First off, a few pointers on how to post here so that you get the best possible answers:
1) Please post data in text form, not as graphics. On the one hand this makes it hard to read for people with alternative devices (like smartphones, handhelds and so on), on the other hand graphics take up a lot of bandwidth while transmitting text is very "cheap". Cut and paste your data off the screen and put it between CODE-tags, so that it will look like this:
$ print - "This is an example."
This is an example.
2) Always be as precise as possible. We cannot see what is on your screen and we do not know your system. Yes, you said "UNIX", but "UNIX" is a whole family of operating systems. State exactly which UNIX and which version (like "IBM AIX, version 7.1.3" or "Ubuntu 12.04 LTS with kernel 3.19"). If unsure, post the output of the command uname -a
. This way you can skip the question in return "which OS?" and get a direct answer immediately. Also post all the error messages you get when you executed your command. UNIX is usually very clear in stating why it can't do what the user wants. We do not expect you to be able to always make sense of the error, but experts usually can - and they can tell you what went wrong if they only know what the system returned as diagnostic message.
Pheeewww, after this lengthy introduction lets get to your problem:
First, as Aia correctly pointed out, you were lucky that your command didn't work because you could have wiped your system. Notice: UNIX (every UNIX) is a system from experts for experts.
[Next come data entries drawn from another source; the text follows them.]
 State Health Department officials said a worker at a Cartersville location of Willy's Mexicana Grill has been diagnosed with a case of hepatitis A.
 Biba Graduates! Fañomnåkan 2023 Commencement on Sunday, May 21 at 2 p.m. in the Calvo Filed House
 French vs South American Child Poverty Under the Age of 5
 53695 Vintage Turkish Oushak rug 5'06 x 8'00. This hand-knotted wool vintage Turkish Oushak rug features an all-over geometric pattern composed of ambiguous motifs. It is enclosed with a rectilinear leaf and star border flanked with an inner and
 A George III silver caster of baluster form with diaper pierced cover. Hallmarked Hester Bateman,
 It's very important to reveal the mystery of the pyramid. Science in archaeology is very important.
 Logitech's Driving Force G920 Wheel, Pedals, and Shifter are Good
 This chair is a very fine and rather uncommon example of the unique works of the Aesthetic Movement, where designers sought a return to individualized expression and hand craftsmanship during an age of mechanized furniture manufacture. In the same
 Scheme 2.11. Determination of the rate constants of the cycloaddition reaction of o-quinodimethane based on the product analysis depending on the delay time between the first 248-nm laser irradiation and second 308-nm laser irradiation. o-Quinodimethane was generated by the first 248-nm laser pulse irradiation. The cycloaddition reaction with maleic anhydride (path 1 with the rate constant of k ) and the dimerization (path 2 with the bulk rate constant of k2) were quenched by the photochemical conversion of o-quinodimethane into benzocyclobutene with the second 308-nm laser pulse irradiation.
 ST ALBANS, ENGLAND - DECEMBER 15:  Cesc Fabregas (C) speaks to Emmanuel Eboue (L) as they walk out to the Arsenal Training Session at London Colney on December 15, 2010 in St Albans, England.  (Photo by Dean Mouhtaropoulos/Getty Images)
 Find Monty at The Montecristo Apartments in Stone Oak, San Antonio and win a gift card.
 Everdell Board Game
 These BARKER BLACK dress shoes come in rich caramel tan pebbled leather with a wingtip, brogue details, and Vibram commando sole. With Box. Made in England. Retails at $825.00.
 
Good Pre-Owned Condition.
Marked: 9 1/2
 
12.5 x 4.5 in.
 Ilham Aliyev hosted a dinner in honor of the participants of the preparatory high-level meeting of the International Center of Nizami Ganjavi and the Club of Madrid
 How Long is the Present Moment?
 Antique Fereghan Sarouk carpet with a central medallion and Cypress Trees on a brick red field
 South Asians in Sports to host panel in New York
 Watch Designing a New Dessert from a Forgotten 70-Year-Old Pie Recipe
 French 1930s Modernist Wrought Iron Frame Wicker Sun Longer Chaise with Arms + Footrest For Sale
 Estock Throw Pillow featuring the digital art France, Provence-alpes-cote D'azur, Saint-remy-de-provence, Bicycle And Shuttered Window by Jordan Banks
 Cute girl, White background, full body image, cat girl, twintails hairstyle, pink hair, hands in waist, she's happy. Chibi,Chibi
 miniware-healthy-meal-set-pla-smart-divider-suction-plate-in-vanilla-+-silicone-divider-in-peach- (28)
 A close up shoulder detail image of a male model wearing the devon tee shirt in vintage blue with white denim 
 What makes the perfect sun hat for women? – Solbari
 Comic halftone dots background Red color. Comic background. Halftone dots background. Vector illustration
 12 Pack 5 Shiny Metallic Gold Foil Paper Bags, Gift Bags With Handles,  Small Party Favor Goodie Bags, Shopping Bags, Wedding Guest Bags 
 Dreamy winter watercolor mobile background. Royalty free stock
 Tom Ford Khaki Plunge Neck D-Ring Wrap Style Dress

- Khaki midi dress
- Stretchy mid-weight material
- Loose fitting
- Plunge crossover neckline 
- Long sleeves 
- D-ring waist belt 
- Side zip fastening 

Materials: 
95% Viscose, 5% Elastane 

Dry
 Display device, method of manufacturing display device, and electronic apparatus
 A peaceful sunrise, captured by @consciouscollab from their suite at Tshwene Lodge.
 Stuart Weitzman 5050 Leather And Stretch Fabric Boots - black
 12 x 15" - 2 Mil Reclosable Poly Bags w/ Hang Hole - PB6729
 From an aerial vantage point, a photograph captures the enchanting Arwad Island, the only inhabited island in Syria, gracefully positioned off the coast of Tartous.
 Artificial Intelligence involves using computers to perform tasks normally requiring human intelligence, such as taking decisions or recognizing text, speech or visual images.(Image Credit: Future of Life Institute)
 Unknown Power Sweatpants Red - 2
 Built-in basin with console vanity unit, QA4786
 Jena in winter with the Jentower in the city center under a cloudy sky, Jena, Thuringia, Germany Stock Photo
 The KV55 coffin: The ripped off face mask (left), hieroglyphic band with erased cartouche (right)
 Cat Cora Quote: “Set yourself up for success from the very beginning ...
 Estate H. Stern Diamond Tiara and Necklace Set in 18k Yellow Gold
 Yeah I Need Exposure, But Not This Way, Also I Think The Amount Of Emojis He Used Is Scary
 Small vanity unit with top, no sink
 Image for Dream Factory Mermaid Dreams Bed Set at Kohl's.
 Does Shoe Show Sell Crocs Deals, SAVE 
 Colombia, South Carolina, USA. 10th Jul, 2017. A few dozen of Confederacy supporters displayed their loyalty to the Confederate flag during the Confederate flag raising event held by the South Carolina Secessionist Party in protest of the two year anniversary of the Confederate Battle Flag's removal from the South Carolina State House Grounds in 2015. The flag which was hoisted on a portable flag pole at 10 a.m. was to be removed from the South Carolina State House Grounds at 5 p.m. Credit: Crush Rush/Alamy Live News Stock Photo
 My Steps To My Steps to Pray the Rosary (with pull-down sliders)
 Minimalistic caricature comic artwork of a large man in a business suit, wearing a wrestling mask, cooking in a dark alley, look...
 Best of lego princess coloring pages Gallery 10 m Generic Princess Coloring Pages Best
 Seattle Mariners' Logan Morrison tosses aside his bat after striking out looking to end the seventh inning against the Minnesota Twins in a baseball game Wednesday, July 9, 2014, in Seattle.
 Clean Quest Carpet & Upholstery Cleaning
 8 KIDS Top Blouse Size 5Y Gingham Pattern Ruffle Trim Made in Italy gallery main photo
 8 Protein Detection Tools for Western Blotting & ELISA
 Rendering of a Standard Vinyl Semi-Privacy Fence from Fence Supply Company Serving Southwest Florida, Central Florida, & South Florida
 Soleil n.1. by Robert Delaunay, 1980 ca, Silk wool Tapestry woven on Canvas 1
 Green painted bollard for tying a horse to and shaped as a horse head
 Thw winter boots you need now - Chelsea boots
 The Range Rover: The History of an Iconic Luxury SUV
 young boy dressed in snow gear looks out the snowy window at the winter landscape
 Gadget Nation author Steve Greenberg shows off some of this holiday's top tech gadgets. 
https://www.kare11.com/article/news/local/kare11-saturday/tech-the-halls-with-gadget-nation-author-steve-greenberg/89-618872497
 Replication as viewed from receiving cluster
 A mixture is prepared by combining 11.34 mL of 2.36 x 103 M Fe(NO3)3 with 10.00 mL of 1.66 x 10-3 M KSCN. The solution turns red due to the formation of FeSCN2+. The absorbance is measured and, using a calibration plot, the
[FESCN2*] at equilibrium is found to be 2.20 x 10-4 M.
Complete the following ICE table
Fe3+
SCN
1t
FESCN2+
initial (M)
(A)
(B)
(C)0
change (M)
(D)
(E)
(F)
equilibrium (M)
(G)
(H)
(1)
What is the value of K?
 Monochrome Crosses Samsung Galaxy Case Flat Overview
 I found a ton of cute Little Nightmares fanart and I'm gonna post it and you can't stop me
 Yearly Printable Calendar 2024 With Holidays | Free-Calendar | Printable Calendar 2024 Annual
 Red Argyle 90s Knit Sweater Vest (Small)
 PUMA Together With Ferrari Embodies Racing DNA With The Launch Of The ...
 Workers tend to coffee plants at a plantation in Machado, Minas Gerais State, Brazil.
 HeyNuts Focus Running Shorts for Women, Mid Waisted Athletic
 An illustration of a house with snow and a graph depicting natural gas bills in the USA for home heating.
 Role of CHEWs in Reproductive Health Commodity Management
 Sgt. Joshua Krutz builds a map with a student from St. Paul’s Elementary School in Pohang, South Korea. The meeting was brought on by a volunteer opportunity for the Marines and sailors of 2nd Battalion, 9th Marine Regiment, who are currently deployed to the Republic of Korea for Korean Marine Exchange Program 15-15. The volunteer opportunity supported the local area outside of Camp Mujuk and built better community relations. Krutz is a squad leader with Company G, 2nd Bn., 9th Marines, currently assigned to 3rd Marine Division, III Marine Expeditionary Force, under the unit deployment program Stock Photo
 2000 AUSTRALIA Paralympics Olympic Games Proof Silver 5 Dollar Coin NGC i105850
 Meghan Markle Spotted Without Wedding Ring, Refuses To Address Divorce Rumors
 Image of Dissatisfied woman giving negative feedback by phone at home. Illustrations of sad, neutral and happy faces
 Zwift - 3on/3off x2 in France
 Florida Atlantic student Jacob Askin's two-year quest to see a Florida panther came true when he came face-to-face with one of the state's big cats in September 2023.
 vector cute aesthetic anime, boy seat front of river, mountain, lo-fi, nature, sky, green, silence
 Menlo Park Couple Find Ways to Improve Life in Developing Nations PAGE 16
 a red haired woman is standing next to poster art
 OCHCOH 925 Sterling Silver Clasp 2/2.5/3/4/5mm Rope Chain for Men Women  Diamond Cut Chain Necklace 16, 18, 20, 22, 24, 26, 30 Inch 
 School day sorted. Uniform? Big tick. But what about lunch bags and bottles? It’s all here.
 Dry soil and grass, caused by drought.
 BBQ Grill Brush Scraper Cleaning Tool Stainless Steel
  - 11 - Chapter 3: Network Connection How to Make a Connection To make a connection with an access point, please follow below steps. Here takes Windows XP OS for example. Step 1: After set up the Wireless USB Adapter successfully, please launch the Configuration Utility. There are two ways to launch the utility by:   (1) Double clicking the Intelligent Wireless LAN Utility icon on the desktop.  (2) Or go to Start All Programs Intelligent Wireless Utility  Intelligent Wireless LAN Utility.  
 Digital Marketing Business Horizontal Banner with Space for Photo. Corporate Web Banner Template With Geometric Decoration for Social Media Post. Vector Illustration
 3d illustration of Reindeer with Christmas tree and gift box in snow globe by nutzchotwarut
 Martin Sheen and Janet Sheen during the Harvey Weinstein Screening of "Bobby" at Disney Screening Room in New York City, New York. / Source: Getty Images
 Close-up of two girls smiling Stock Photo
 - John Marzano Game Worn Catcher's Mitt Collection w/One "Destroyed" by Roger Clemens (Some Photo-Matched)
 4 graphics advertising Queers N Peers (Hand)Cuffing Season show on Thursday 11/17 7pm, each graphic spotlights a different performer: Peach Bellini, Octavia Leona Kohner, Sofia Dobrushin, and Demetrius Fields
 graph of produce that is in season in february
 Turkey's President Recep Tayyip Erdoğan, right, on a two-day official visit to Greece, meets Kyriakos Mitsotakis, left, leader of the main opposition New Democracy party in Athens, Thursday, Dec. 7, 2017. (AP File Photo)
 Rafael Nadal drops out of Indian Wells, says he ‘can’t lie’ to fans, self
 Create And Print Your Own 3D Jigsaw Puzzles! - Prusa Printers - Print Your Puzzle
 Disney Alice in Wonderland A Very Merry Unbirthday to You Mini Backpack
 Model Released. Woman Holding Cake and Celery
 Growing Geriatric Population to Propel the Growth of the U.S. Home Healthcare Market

There is no such thing as "Are you sure you want ....?"-second-guessing. Give the command to do something terminally fatal and if you have the right to do it the system will do it without further ado.
That doesn't mean you shouldn't try: experience is what you get in the moment right after the one you'd have needed it and most of todays experts have done something extremely silly in their career. Most of us have done so more than once. After all, dealing with the consequences of our silliness made us grow into the resourceful tricky devils we are today.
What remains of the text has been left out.